The MBR (Membrane Bioreactor)process flow and design calculation

The MBR (Membrane Bioreactor)process flow and design calculation

Summary

The MBR process is a key step in sewage treatment. Next I will introduce the MBR (Membrane Bioreactor)process flow and design calculation.

The MBR (Membrane Bioreactor)process  flow and design calculation
The MBR (Membrane Bioreactor)process flow and design calculation
MBR Process Flow
The MBR (Membrane Bioreactor) process flow mainly consists of the following steps:
1. Pretreatment:
Wastewater entering the MBR system undergoes preliminary filtration to remove large solid impurities and suspended particles, reducing the burden on subsequent processing, usually using screens or sedimentation tanks.
2. Biological Reaction:
Pre-treated wastewater enters the bioreactor, where microorganisms in activated sludge degrade organic matter.

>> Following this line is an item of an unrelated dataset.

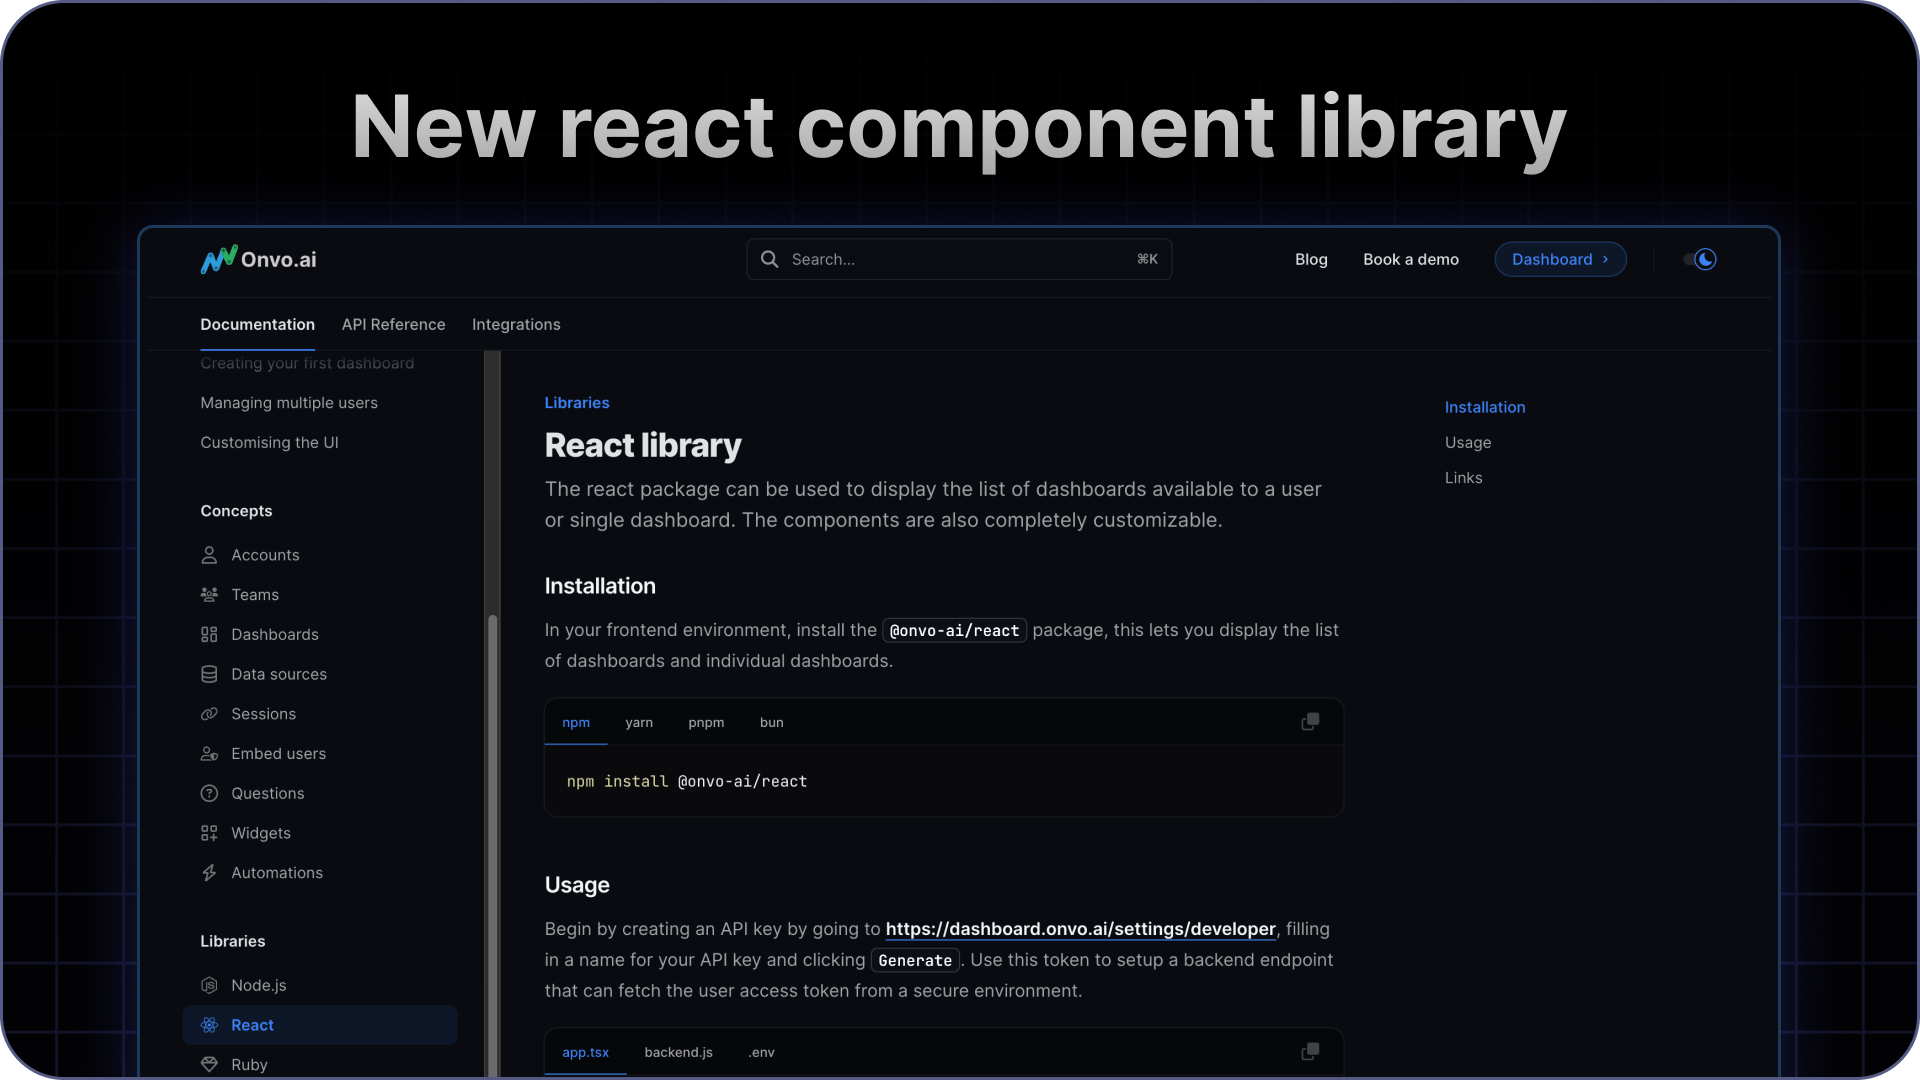 Launch update: Updated documentation and libraries

A certain sludge concentration (MLSS) and dissolved oxygen (DO) are usually maintained to promote the removal of organic pollutants.
3. Membrane Separation:
After biological treatment, the wastewater undergoes solid-liquid separation through membrane modules (usually hollow fiber or flat sheet membranes). The membrane pore size is typically below 0.1 microns, effectively trapping microorganisms and most suspended solids.
4. Effluent Treatment:
The water treated by membrane separation, known as 'membrane permeate,' can usually be directly discharged or reused after further disinfection. The effluent quality can meet or exceed Class IV surface water standards.
5. Sludge Return:
Some concentrated sludge is returned to the bioreactor to maintain a certain concentration of activated sludge, supporting normal microbial metabolism. Excess sludge can be discharged or further treated as needed.
6. Cleaning and Maintenance:
The membrane modules are periodically cleaned both physically and chemically to prevent fouling and clogging, ensuring membrane flux and lifespan.
Design Calculation of MBR Capacity
The design and calculation of MBR system capacity typically involve the following steps and parameters to determine the number of membranes and system scale based on wastewater volume and inflow/outflow quality requirements:
1. Determine Treatment Water Volume
2. Calculate Membrane Area
Formula: A = Q / (J x 24)
3. Number of Membrane Modules
Formula: N = A / A_unit
4. Mixed Liquor Suspended Solids (MLSS)
5. Air Demand
Formula: Q_air = SADm x A
6. Control System and Cleaning Frequency
Calculation Example:
Assume: Daily treatment volume is 1000 m³/d, membrane flux J is 20 L/m²·h, and each membrane module area is 50 m².
1. Calculate total membrane area: A = 1000 / (20 * 24) = 2.08 m²
2. Calculate number of membrane modules: N = 2.08 / 50 ≈ 42 modules

Using these calculations, the number of membrane modules, aeration volume, and system configuration of the MBR system can be determined. In practice, adjustments are often made based on specific project requirements, influent quality, effluent standards, and membrane supplier data.